CIO brand management

Weis and Gracy credit International Data Corp’s CIO Executive Council with helping them promote themselves and their companies. Founded in 2005, the organization provides a variety of career and management development services for top IT executives. About 200 CIOs are paying members.

Agero's Bernie Gracy: "This old dog had to learn some new tricks." Photo: AWS

Agero’s Gracy: “This old dog had to learn some new tricks.” Photo: AWS

One of the Council’s more novel services is personal brand management, a discipline the grew out of the realization that “the CIO is coming out of the back room and being pushed to the forefront of building awareness for the organization,” said Tim Scannell, the council’s director of strategic content.

The group provides informal media training, screens inquiries and even advises CIOs on how to submit applications for industry awards. “There’s been quite a change in attitude” as members have seen the results of their outwardly focused colleagues’ efforts, said Kath Marston, the council’s group vice president for client experience/operations.

They include interviews with wire services, TV news crews and keynote speaking presentations. In the first quarter of this year, the council organization passed along media inquiries to 133 of its members, “and easily one-third of those people have been placed in media or event opportunities worldwide,” Scannell said.

Journalists appreciate the service, since CIOs can be some of the most difficult sources to nail down. “After a simple introduction from the council, I’m able to take the handoff and line up interviews with the industry’s biggest names and thought leaders without having to chase them down or work through lengthy public relations channels,” said Beth Stackpole, a veteran technology and business writer.

When Stackpole was preparing coverage of IDG’s 2019 State of the CIO report, the council lined up 20 candidate for interviews. “I had to literally whittle down the number by half because we couldn’t use all the content,” Stackpole said.

Matson' Weis: “There’s not a talk I can give where I’m nervous anymore.” Photo: Peter Weis on Twitter

Matson’s Weis: “There’s not a talk I can give where I’m nervous anymore.” Photo: Peter Weis on Twitter

Not all CIOs are candidates for the spotlight, nor does every organization want to promote its technology prowess.

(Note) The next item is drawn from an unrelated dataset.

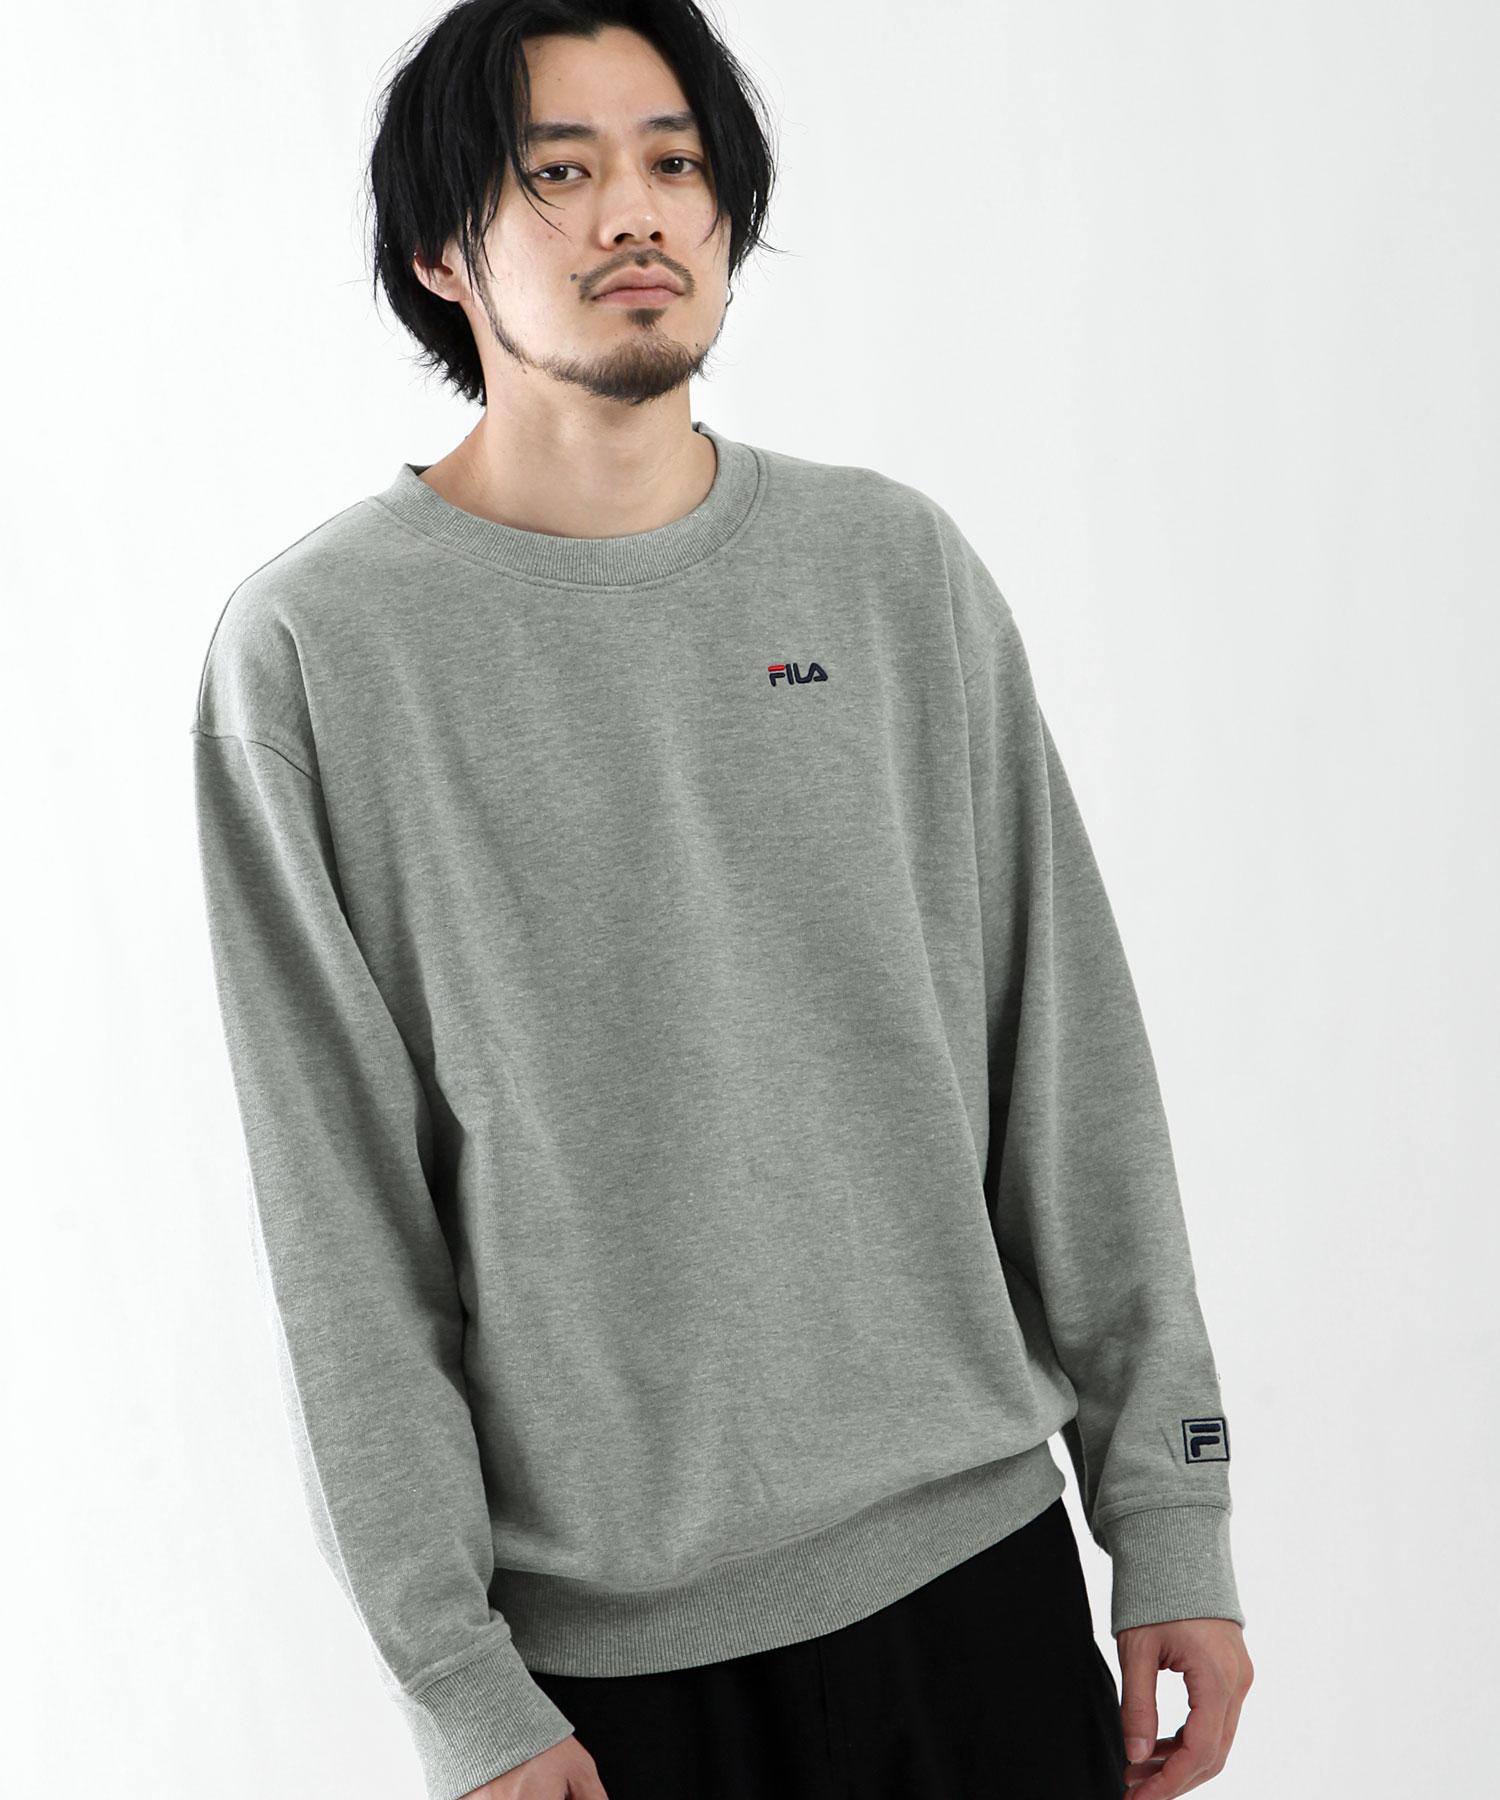 【FILA】LOGO刺繡運動衫 4

Experian’s Libenson thinks CIOs who don’t seek the spotlight are missing an opportunity. “It’s incredible how many tech people don’t understand how important their voice can be to the company,” he said.

Not so at Experian. “The most exciting thing is when clients come back to us and say they saw something in the press and they want to talk,” said Michael Troncale, an Experian publicist who specializes in technology. “It benefits the company hugely from the standpoint of being perceived as a technology leader.”

In addition to recognition and recruitment benefits, CIOs can also use their pulpits to curry favor with preferred vendors, such as preferred service and discounts. “There are a lot of tangential benefits,” Libenson said.

Spread the wealth

Gracy encourages everyone in his organization to pursue public speaking opportunities as a way of highlighting the organization’s expertise and attracting talent. “Ultimately, when people choose to work for a company, they ask who they’re going to work with,” he said. “We create magnets for talent.”

For executives who fear they’re too introverted to face a crowd, he advises following the approach taken by comedians when testing out new material. “Go to a safe spot, an out-of-the-way conference where you can practice your craft,” he said. “Seek radical feedback on how you did and what you could do better.”

As an introvert, Weis admitted, speaking was initially difficult for him, but choosing the right venues and practicing in front of progressively larger helped him overcome his reservations.  “There’s not a talk I can give where I’m nervous anymore,” he said. “I’ve developed a whole new set of muscles.”

After 22 years as a CIO, Weis is now in the process of transitioning to what he calls “post-corporate” life. Contacts he built on the speaking circuit helped him to land a position as a lecturer at the University of California at Berkeley, his alma mater. “It’s changed my career and, by extension, my life in ways I couldn’t have anticipated,” he said.